In the copy of the lines below, leave out pictures and print everything else exactly.

• Given data:
□ □ □ □
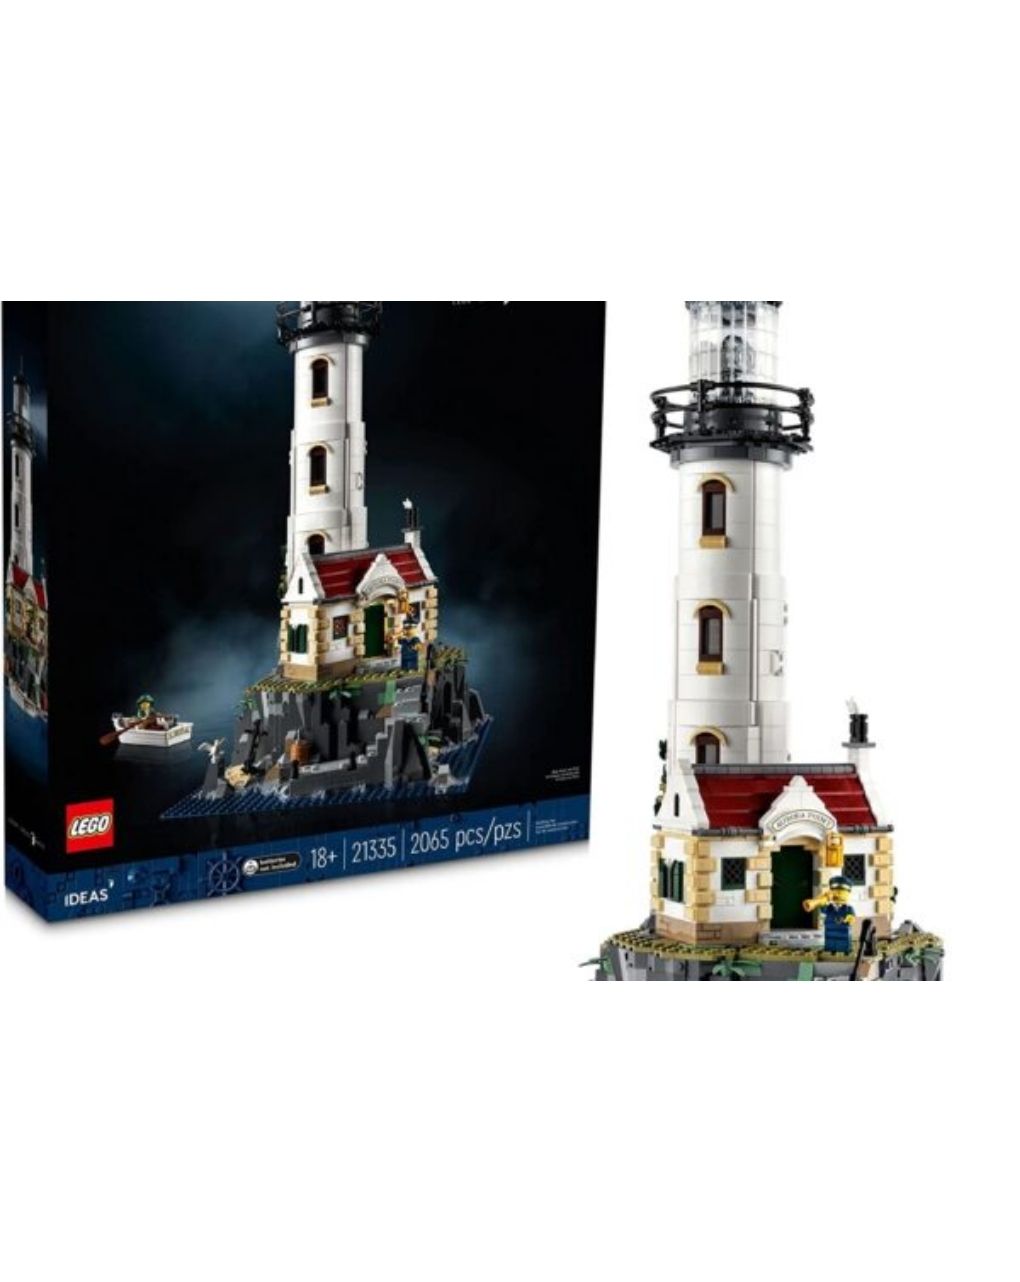 Lego ideas motorized lighthouse 21335
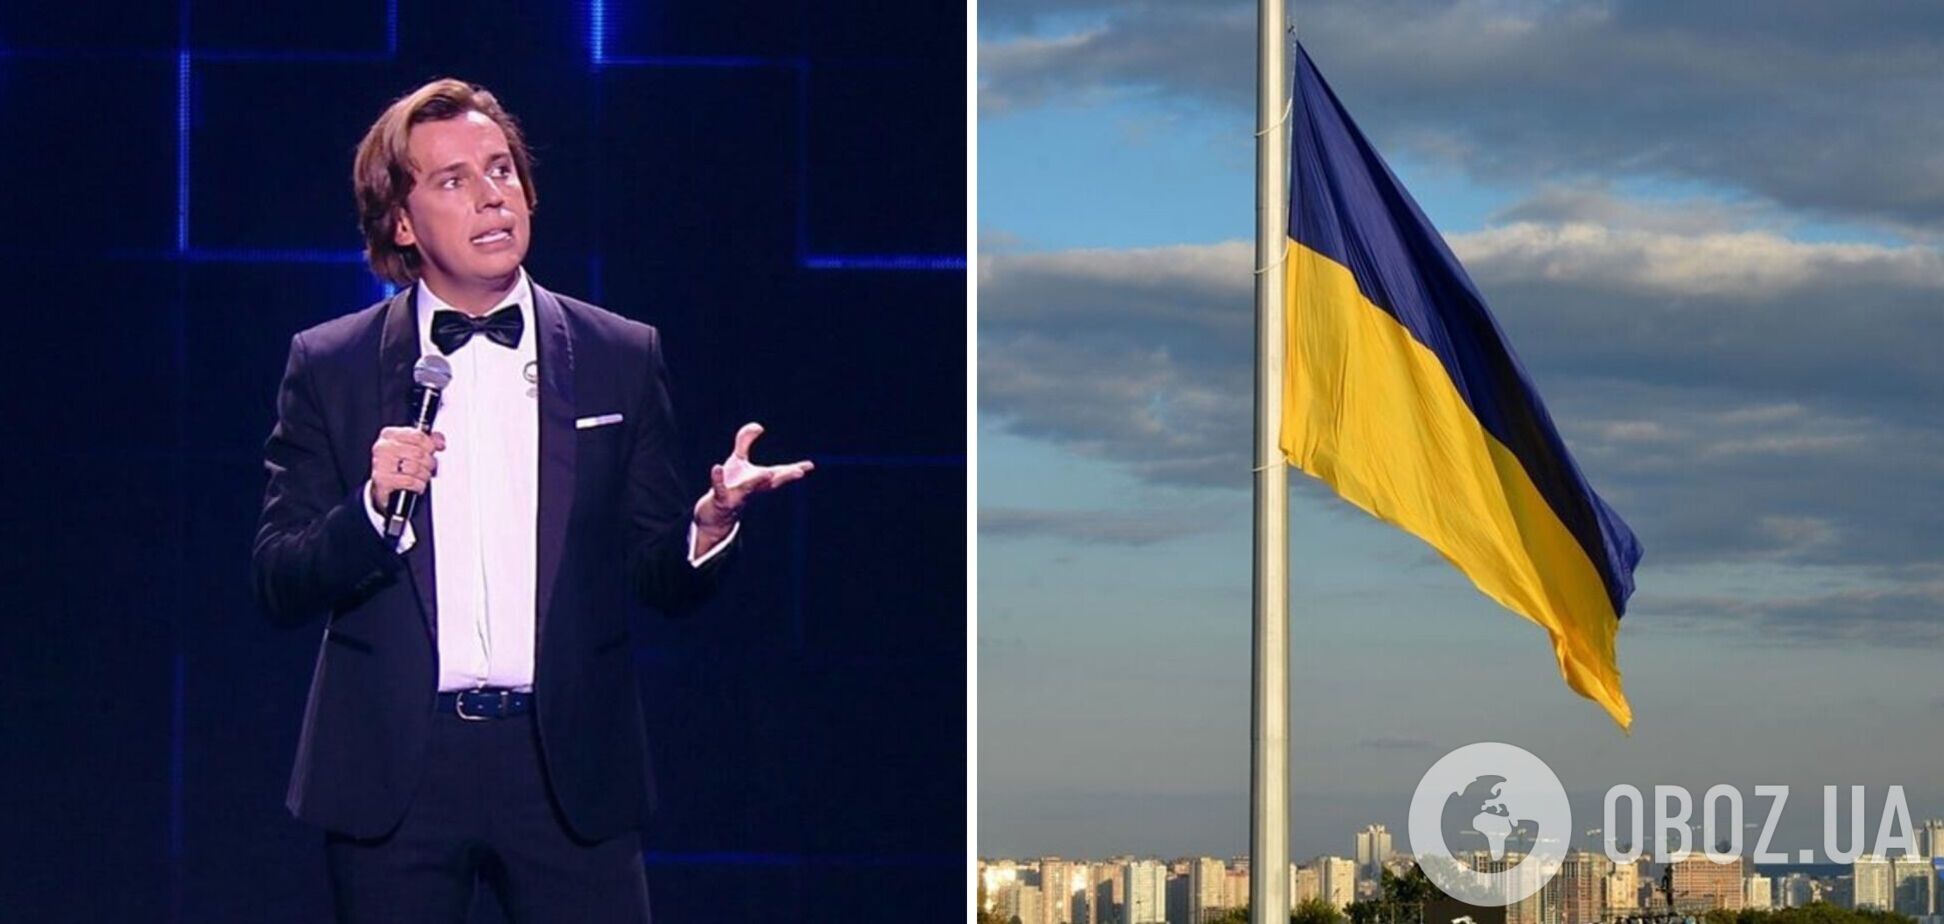 'Від серця хочу, щоб Україна була незалежною, живою і цілою': Галкін пояснив, як обрання Зеленського вплинуло на його життя в РФ 
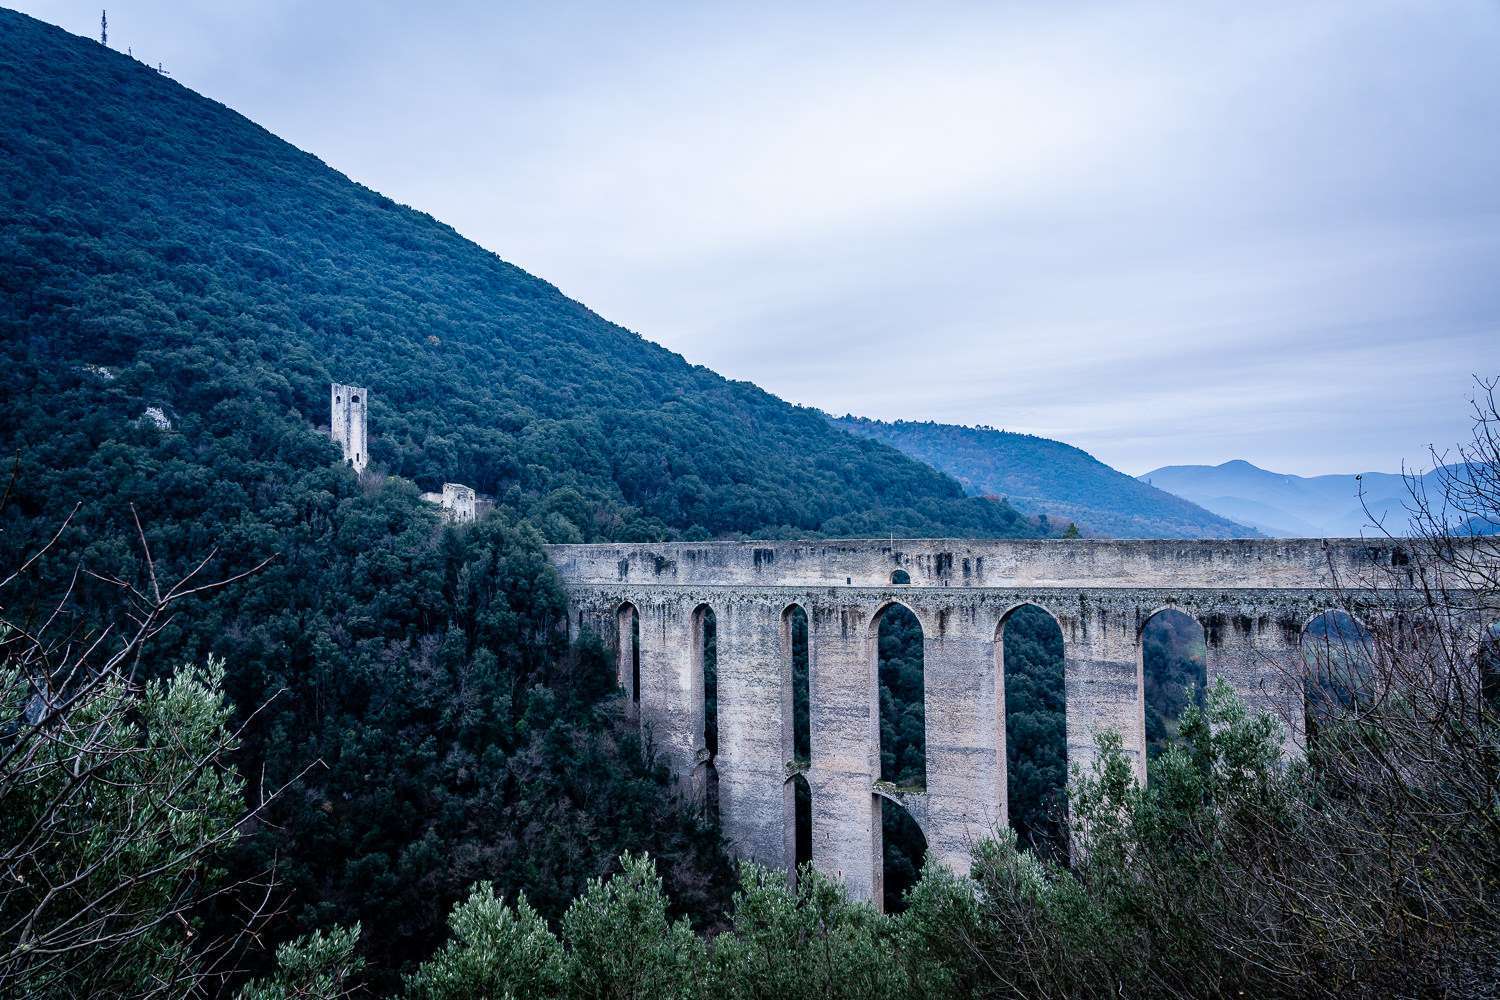 Ponte delle Torri in Spoleto Italy
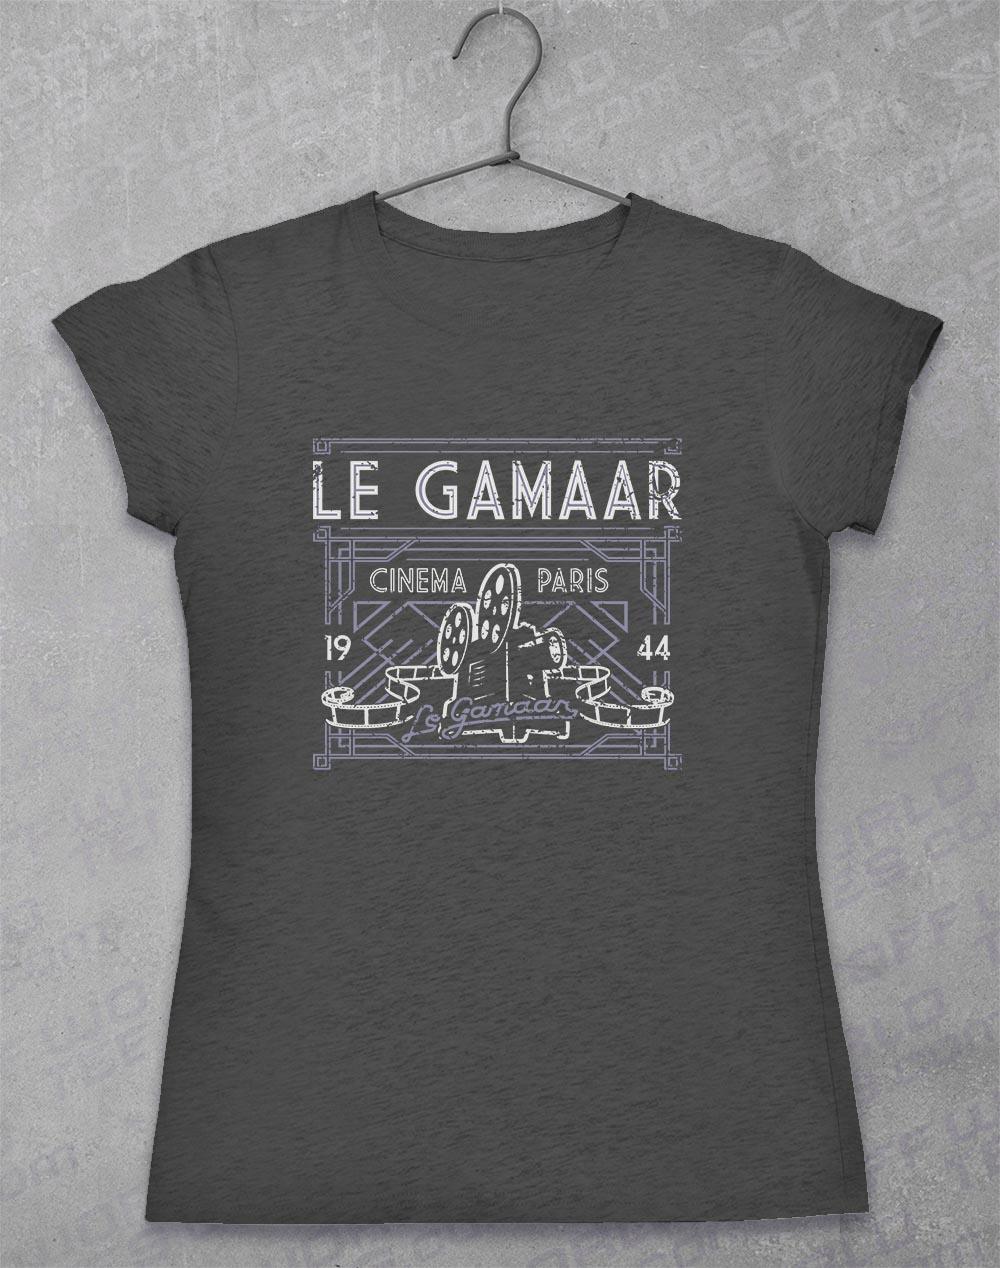 Le Gamaar - Women's T-Shirt 8-10 / Dark Heather  - Off World Tees
□ □ □ □
• Reply to the task:
 Lego ideas motorized lighthouse 21335
 'Від серця хочу, щоб Україна була незалежною, живою і цілою': Галкін пояснив, як обрання Зеленського вплинуло на його життя в РФ 
 Ponte delle Torri in Spoleto Italy
 Le Gamaar - Women's T-Shirt 8-10 / Dark Heather  - Off World Tees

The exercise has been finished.